Built on the same high-efficiency architecture as first-generation Gaudi, which delivers up to 40% better price performance than comparable NVIDIA-based instances on the AWS cloud, Gaudi2 brings a new level of performance and efficiency to large-scale workloads. It has also demonstrated power efficiency when running AI workloads. In the Supermicro power-consumption evaluation between the Supermicro Gaudi2 Server and the Supermicro Nvidia A100 Server, Gaudi2 shows a 1.8x advantage in throughput-per-watt over the A100 server in running a popular computer vision workload.1
Large-scale AI workloads also need a build-once-and-deploy-everywhere approach with flexible, open solutions that enable greater power efficiency. 4th Gen Xeon processors are Intel’s most sustainable data center processors and enable greater energy efficiency and power savings. With built-in accelerators like Intel AMX, inference and training performance increases of 10x can be achieved3 across a broad suite of AI workloads and use cases while also enabling up to 14x performance-per-watt increases over Intel's previous generation.4
Supporting an Ethical AI Future
Generative AI is a powerful tool that supports and amplifies human capability, but it is essential that the development and deployment of these systems stem from a human-centered approach. Responsible AI governance is needed to ensure these systems reach their full potential without ethical compromise. The best way to protect the ethics of AI is through an open ecosystem that fosters transparency across training and datasets. Having a transparent AI supply chain ensures AI is being developed responsibly and reduces the ethical debt down the chain. With such transparency, developers are empowered to assess suitability of datasets and models, replicate results and uncover any ethical concerns for their context of use.

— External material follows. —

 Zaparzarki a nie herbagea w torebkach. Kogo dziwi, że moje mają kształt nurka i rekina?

Generative AI is one piece of a larger AI mosaic. Intel’s dedicated approach to the democratization of AI means it is combining its unique strengths in hardware, support for an open ecosystem and the right investments for the future to meet the compute needs for all aspects of AI, including generative AI.

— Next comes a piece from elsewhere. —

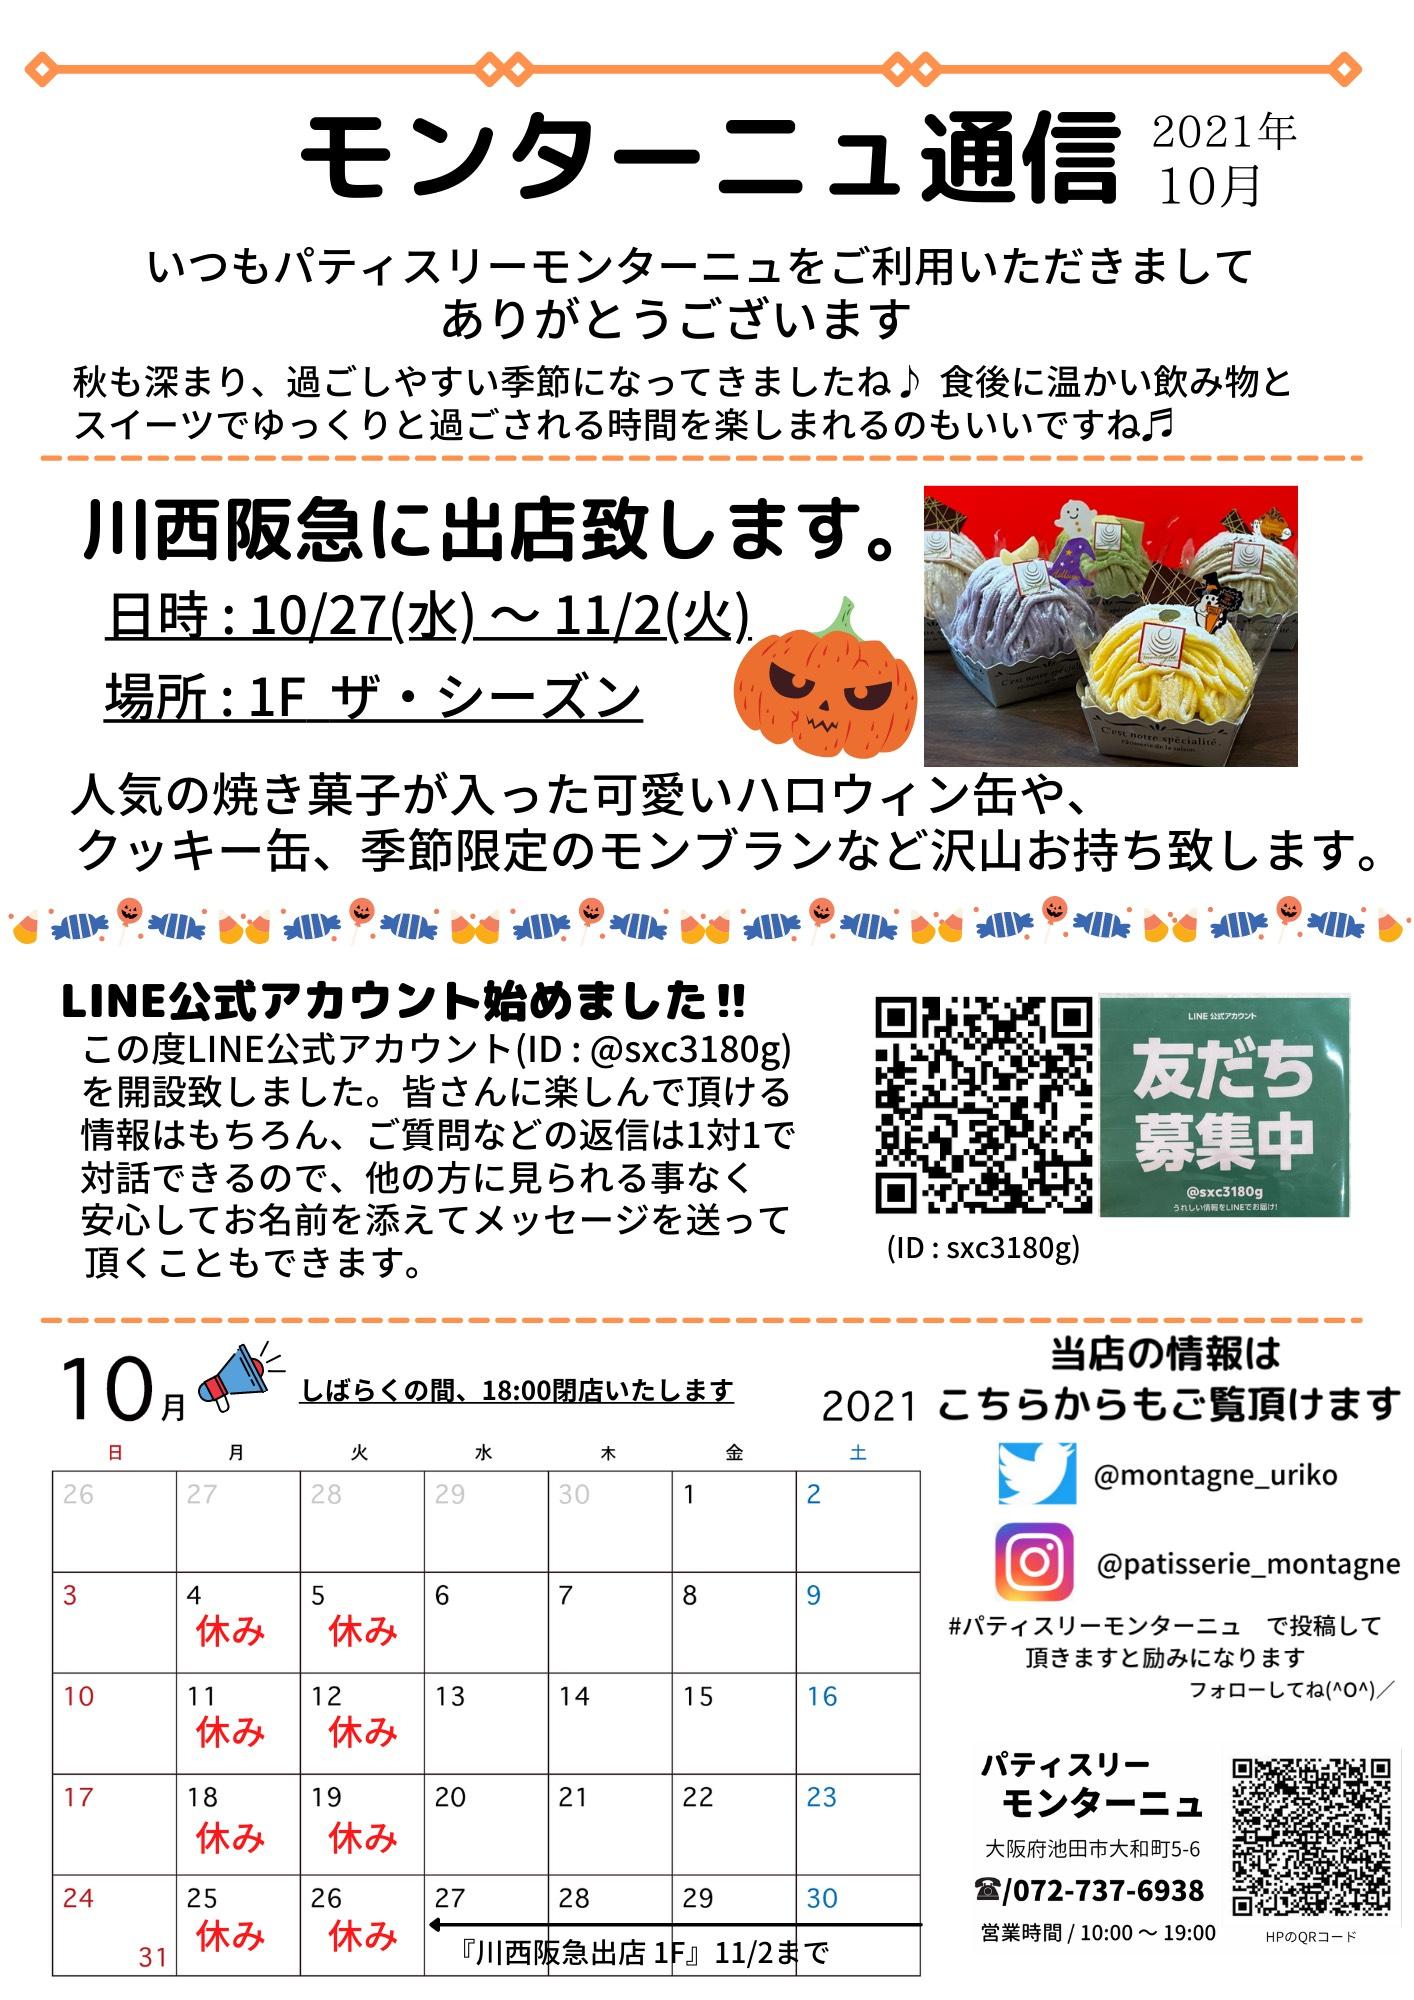 image_6483441 (10)

Intel's approach to the democratization compute and tools enables access to building large language models, reducing cost and improving equity. For example, Intel is focusing on personalizing LLM for use with ALS patients to enable them to communicate more effectively. Enabling the developer community to tune these models for their use allows these models to be more accessible to those in need.
AI has come a long way, but there is still more to be discovered. Intel continues to foster an open ecosystem to build trust, to deliver choice and to ensure interoperability across the industry. And it is committed to using a multidisciplinary approach, providing energy-efficient solutions and focusing on amplifying human potential with AI through human-AI collaboration. An open approach is the best path forward.